Keywords: GEF, Rop, GTPase, immunity, DH, defense, HR, PTI, ETI
Plants have developed multiple immune systems to protect them from pathogens.2 The first layer of defense is triggered by the recognition of pathogen-associated molecular patterns (PAMPs) by plant cell surface receptors, and is called PAMP-triggered immunity (PTI).3 To interfere with PTI, some pathogens have developed a type III secretion system, which deliver Type III effector proteins that suppress a variety of host immune responses. The second layer of defense depends on the ability of disease resistant (R) proteins to recognize effector proteins and induce robust immune responses including hypersensitive response (HR), and is called effector-triggered immunity (ETI).3
Rho family small GTPases function as key molecular signaling switches by cycling between GDP-bound inactive and GTP-bound active forms, which regulate many important cellular processes in animals and plants.4 The switch between GTP-bound and GDP-bound forms is controlled by three regulatory proteins: guanine nucleotide exchange factors (GEFs), GTPase-activating proteins (GAPs), and guanine nucleotide dissociation inhibitors (GDIs).
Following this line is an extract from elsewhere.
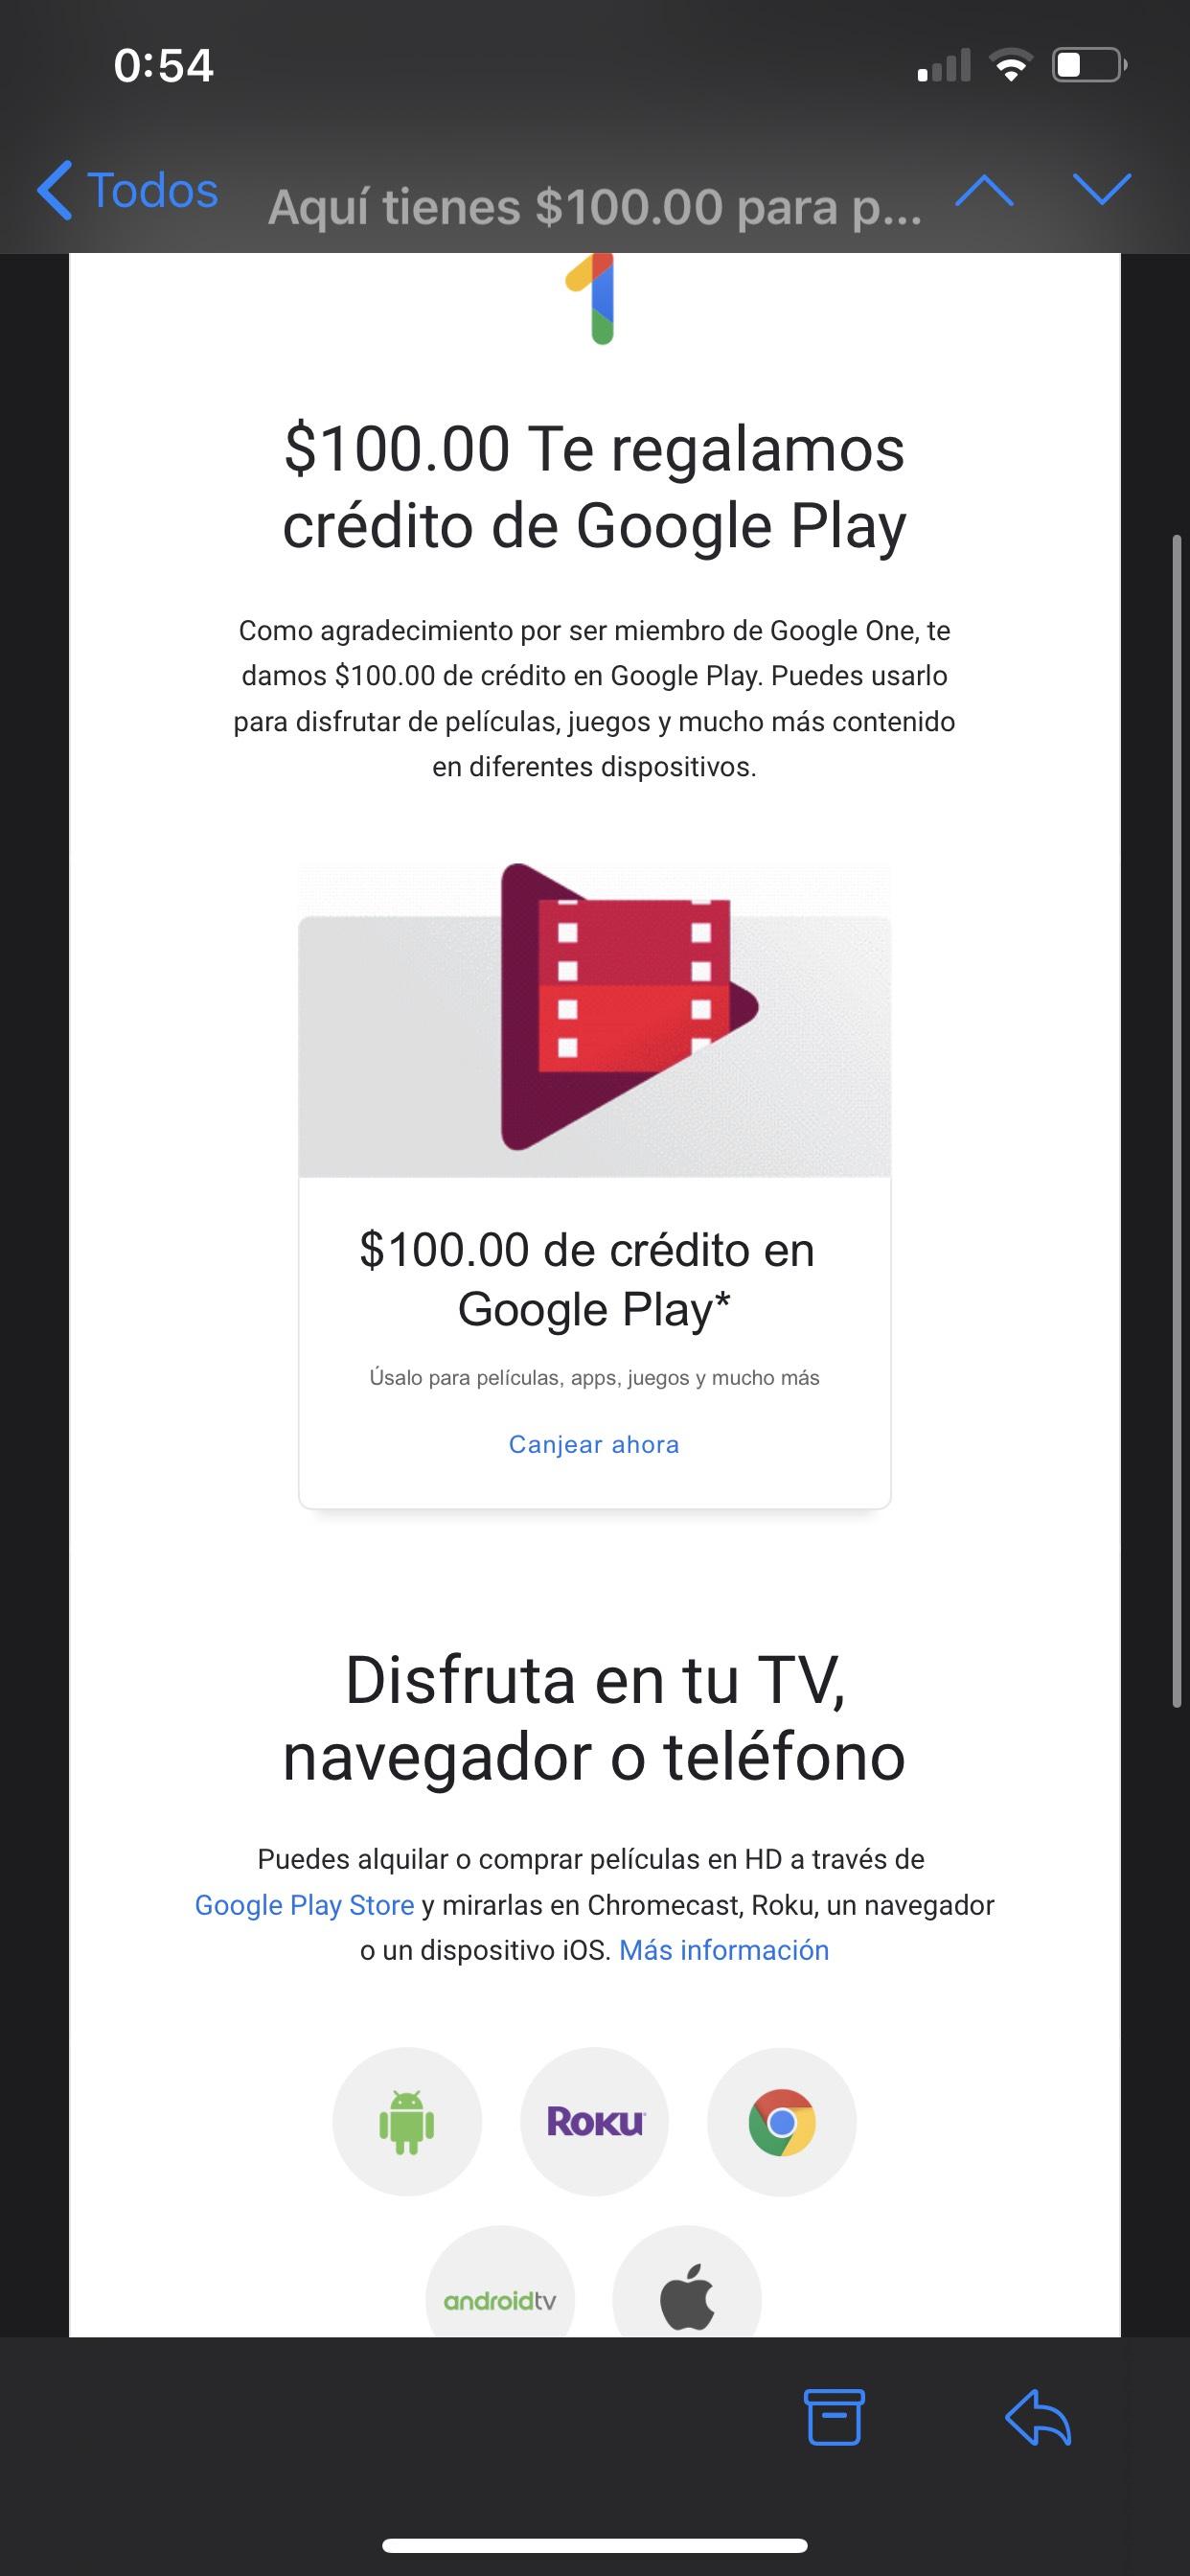 Google Play regala $100 a miembros de Google One

GEFs promote the activation of small GTPases by catalyzing the exchange of GDP for GTP.4 Most Rho GEFs in animals contain a DH domain located at the N-terminus of the pleckstrin homology (PH) domain. Although these DH-PH-type Rho GEFs have large gene families and are widespread in animals, none have been found in plants.5 Instead, plants contain the Rac/Rop GEFs with a PRONE domain, which constitute a large family in the plant kingdom.6,7 There are 14 and 11 PRONE-type Rho GEFs in Arabidopsis and rice, respectively.8 Recently, we have identified OsSWAP70A as a novel Rac/Rop GEF for plants.1 SWAP70 contains both DH and PH domains, but their arrangement is the reverse of that in typical DH-PH-type Rho GEFs, wherein the DH domain is flanked by a C-terminal PH domain.9 OsSWAP70A showed GEF activity toward OsRac1,1 one of seven of rice Rac/Rop GTPases which regulate a series of PTI and ETI responses including cell death, the production of reactive oxygen species (ROS), the activation of pathogenesis-related genes, lignification, and the production of phytoalexin.10-12 In addition, OsSWAP70A regulates chitin-induced ROS production and defense gene expression possibly though OsRac1 in rice.1
Recently, we have reported that Arabidopsis contains a single SWAP70 gene (At2g30880).1 AtSWAP70 possessed a DH domain at the C-terminus of the PH domain (Fig. 1A), a characteristic of the human SWAP70 Rho GEF.9 Although similarity between the amino acid sequences of AtSWAP70 and human SWAP70 was limited in the PH and DH domains, AtSWAP70 was highly homologous (64% identity; 90% similarity) to OsSWAP70A overall. The PH and DH domains of AtSWAP70 had 85.1% and 64.5% identity to those of OsSWAP70A, respectively (Fig. 1B and C). The PH domain contained four basic amino acids conserved in the PH domains of animal SWAP70 proteins, which are critical for binding to phosphatidylinositol 3,4,5-triphosphate (PtdIns(3,4,5)P3).13 Predictions of the secondary structure of the AtSWAP70 DH domain using Jpred3 (www.compbio.dundee.ac.uk/www-jpred/) indicated entirely α-helices (data not shown), which coincided with the conserved three-dimensional structure of typical DH domains, suggesting that AtSWAP70 belongs to the DH family of Rho GEFs.
Figure 1. Identification of Arabidopsis SWAP70. (A) Schematic representation of AtSWAP70, showing the Pleckstrin homology (PH) and Dbl homology (DH) domains. (B) Comparison of amino acid sequence between the PH domains of AtSWAP70, OsSWAP70A and human SWAP70. Identical and similar amino acid residues are indicated by vertical bars and dots, respectively. Shaded boxes indicate PtdIns(3,4,5)P3-binding sites. (C) Alignment of the amino acid sequences of the DH domains of AtSWAP70, OsSWAP70A and human SWAP70. Identical and similar amino acid residues are indicated by vertical bars and dots, respectively.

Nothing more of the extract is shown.